◆ **Material provided**

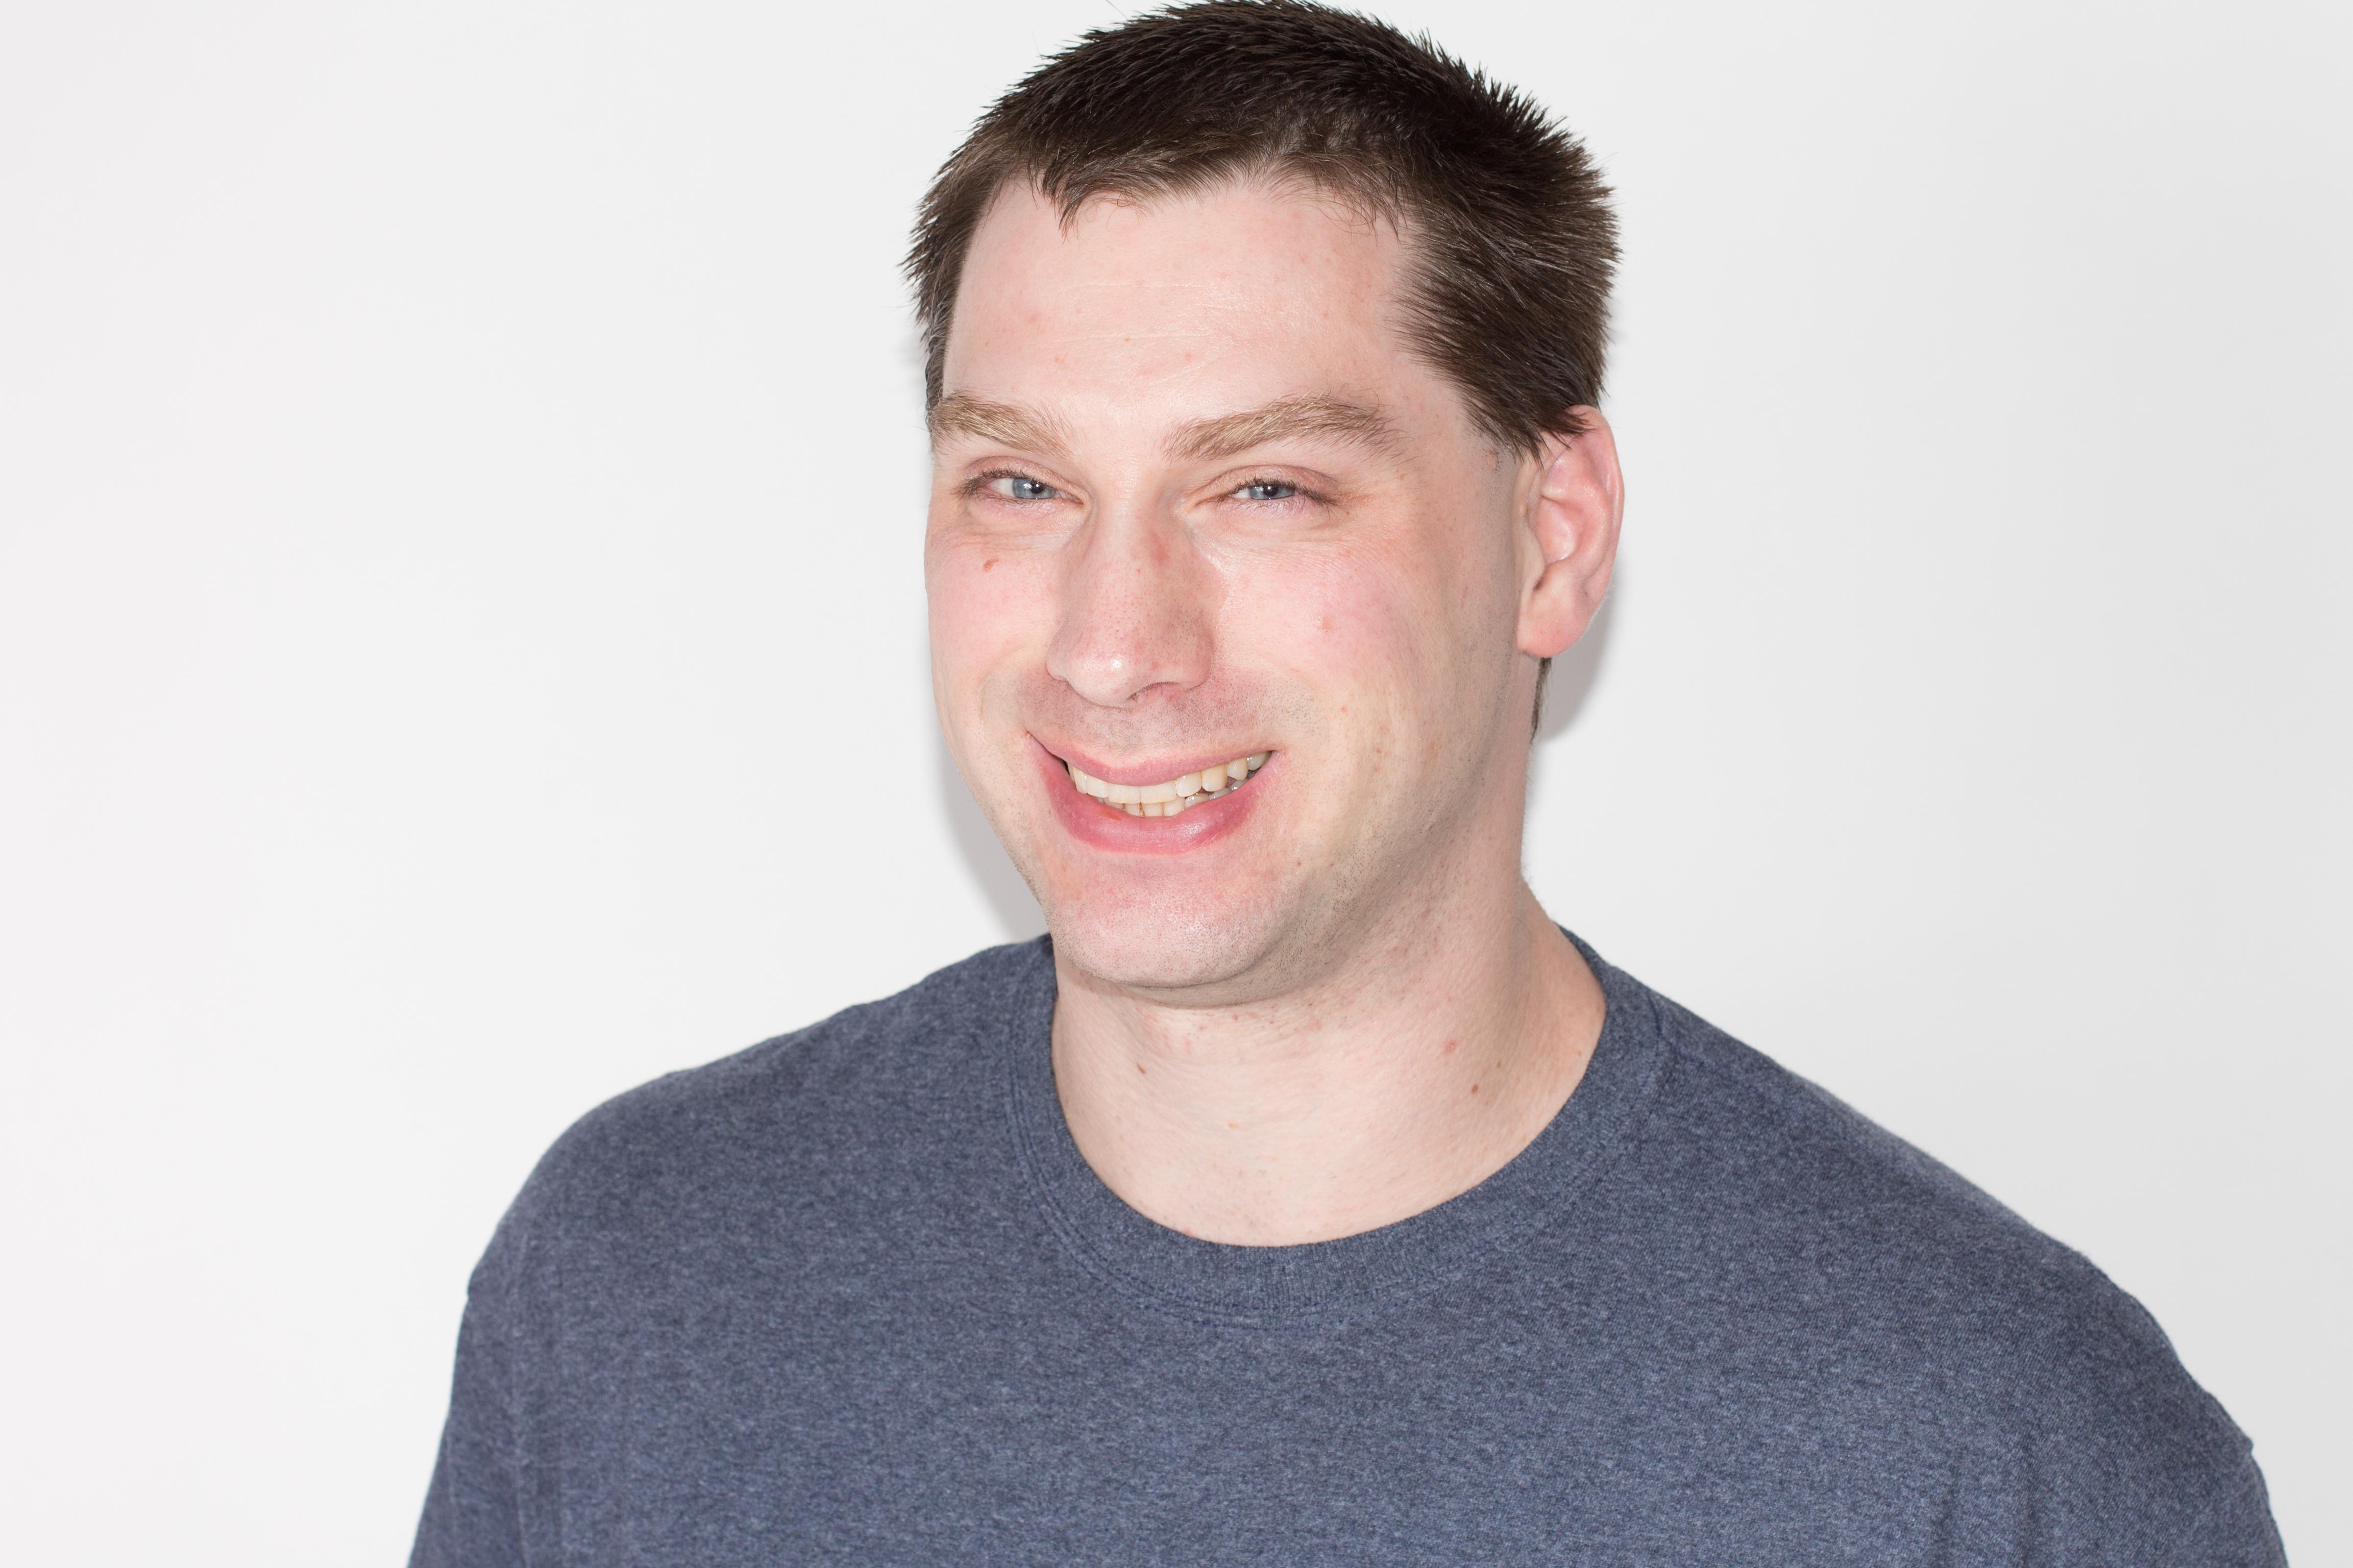 Andrew Johnson, Machine Tool Technology graduate
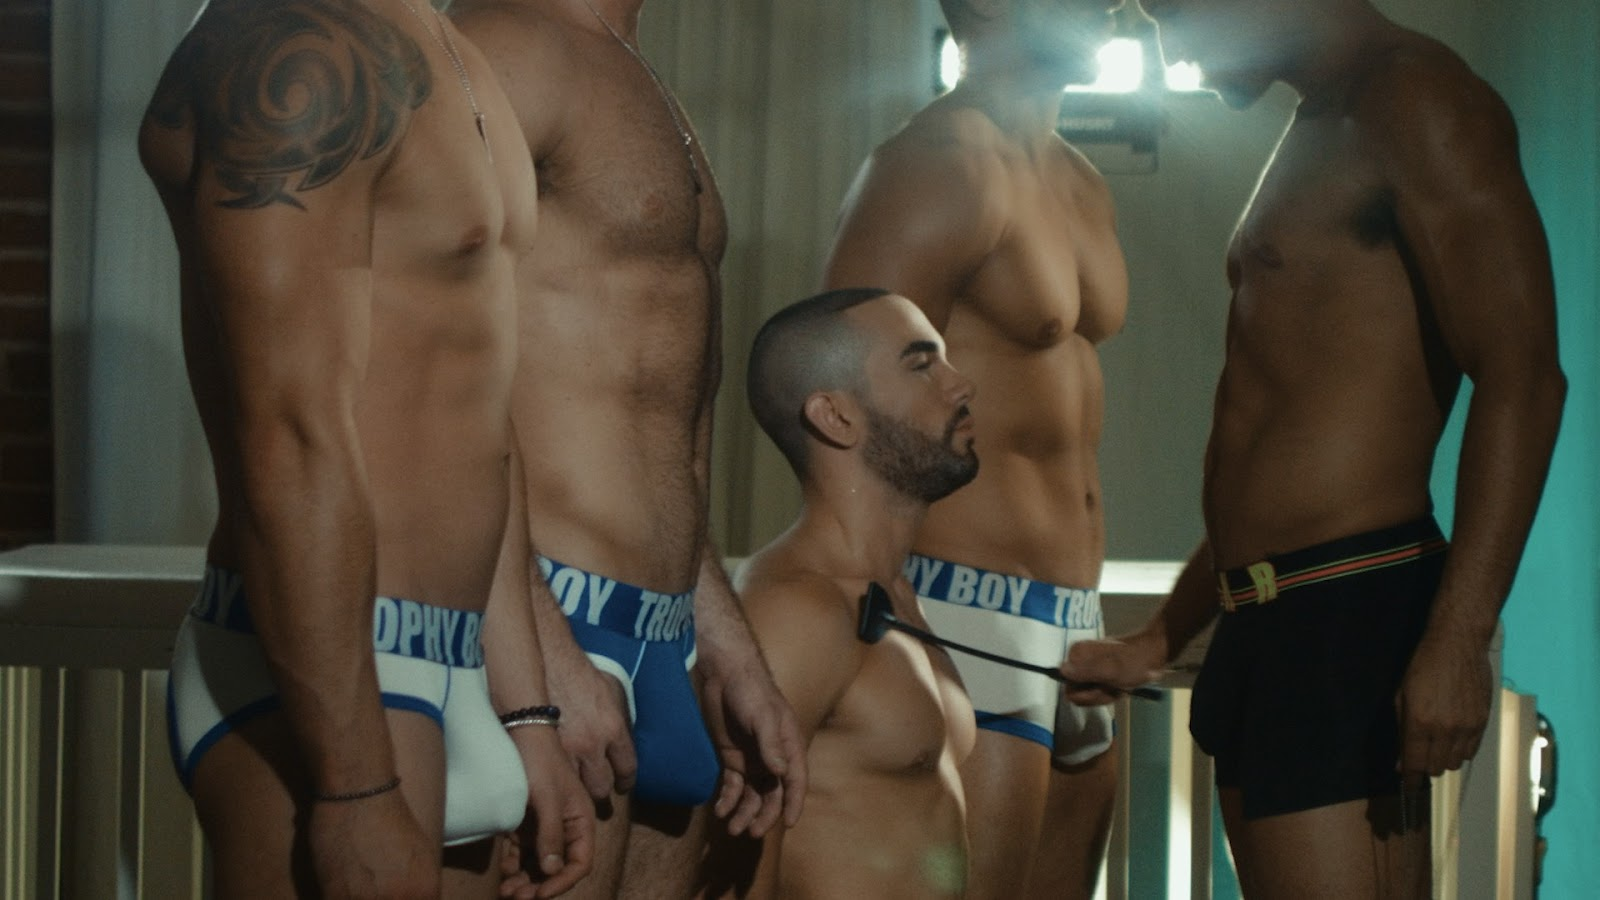 Julian serrano twerking mobile porno videos movies
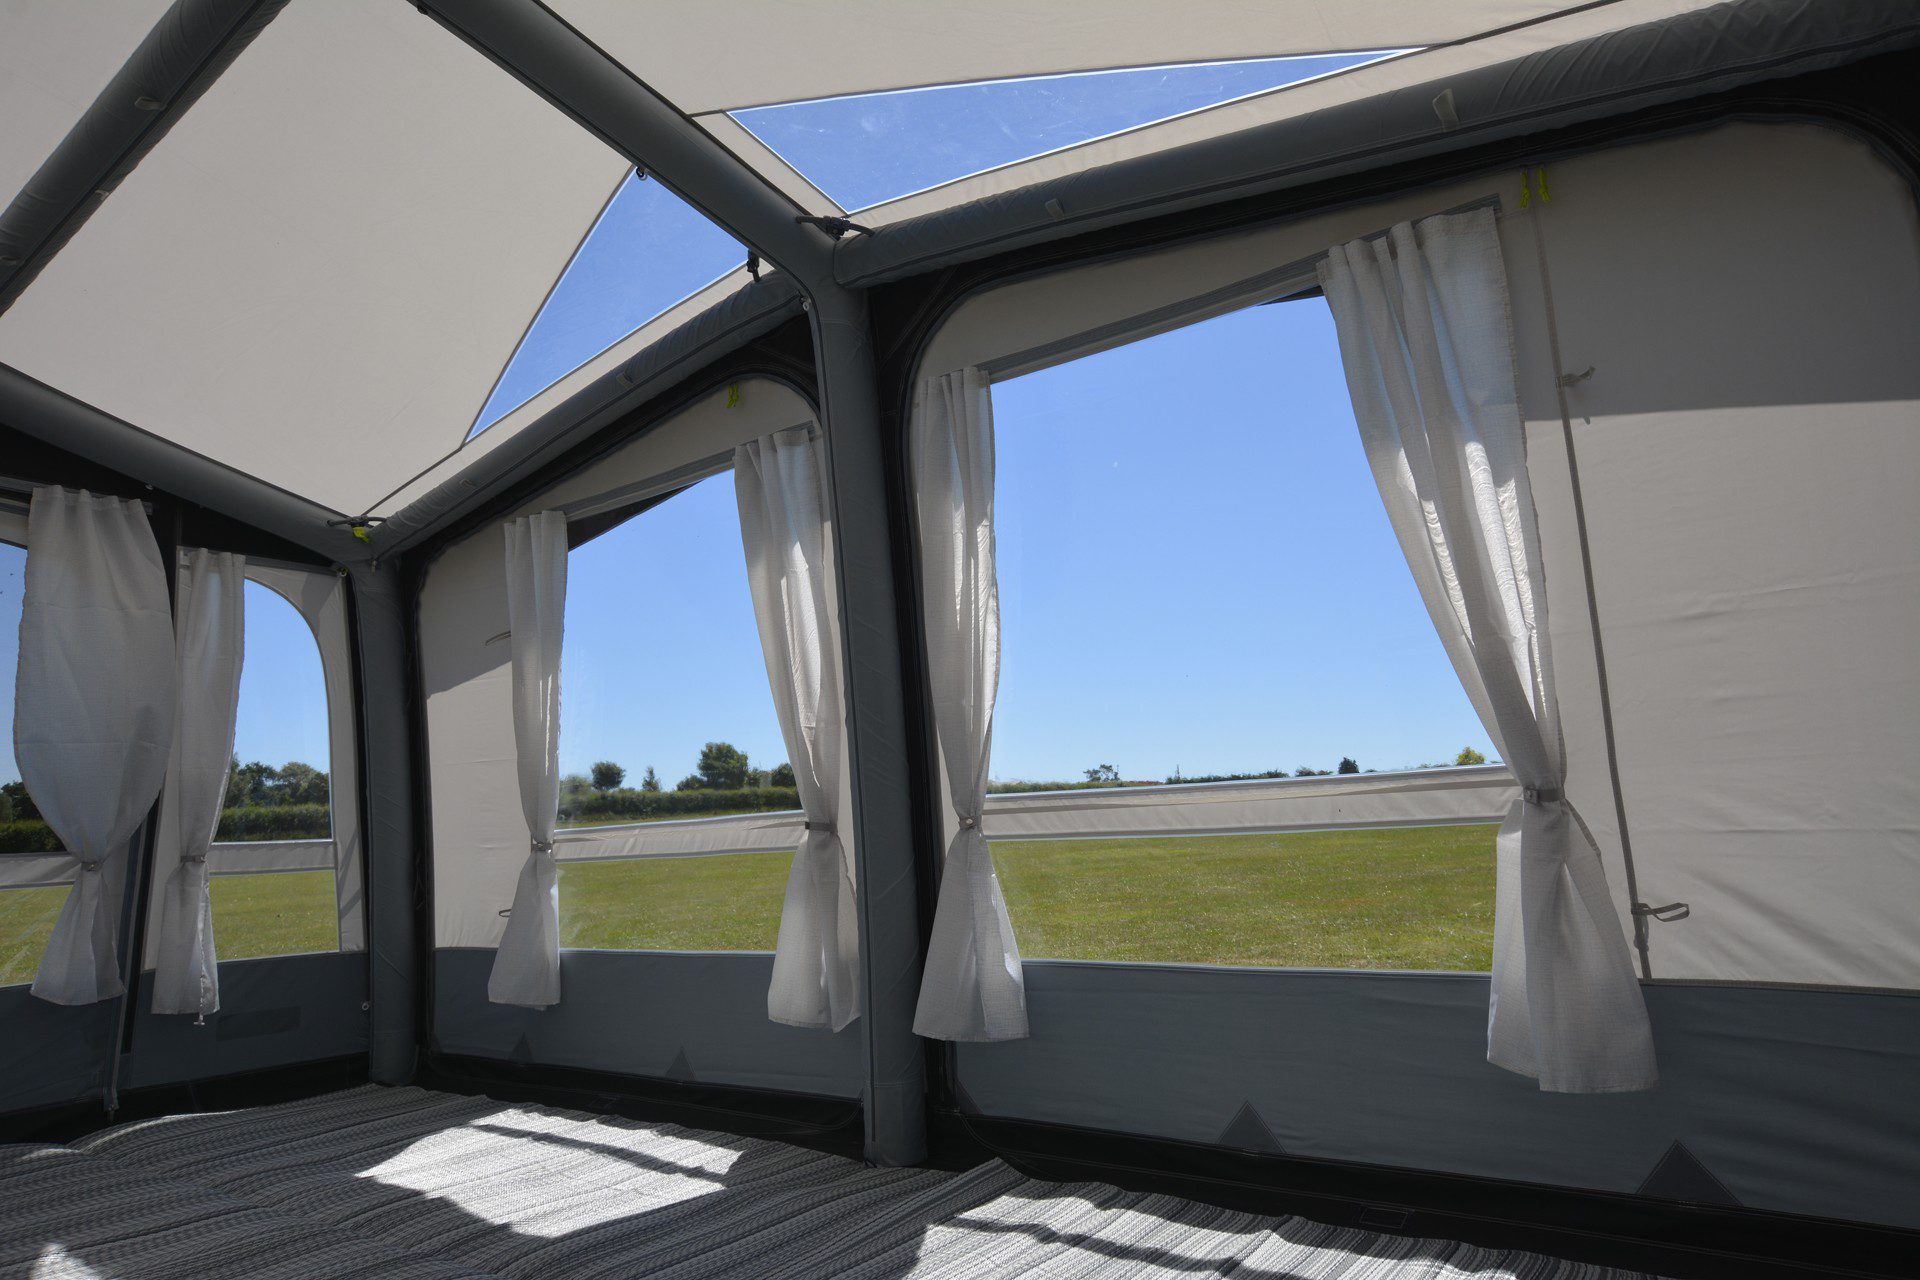 Kampa Club Air Pro 450 Caravan Awning 2019 5

◆ **Task details**
Write out the data above in full and exactly, but without the pictures.

◆ **Answer space**
 Andrew Johnson, Machine Tool Technology graduate
 Julian serrano twerking mobile porno videos movies
 Kampa Club Air Pro 450 Caravan Awning 2019 5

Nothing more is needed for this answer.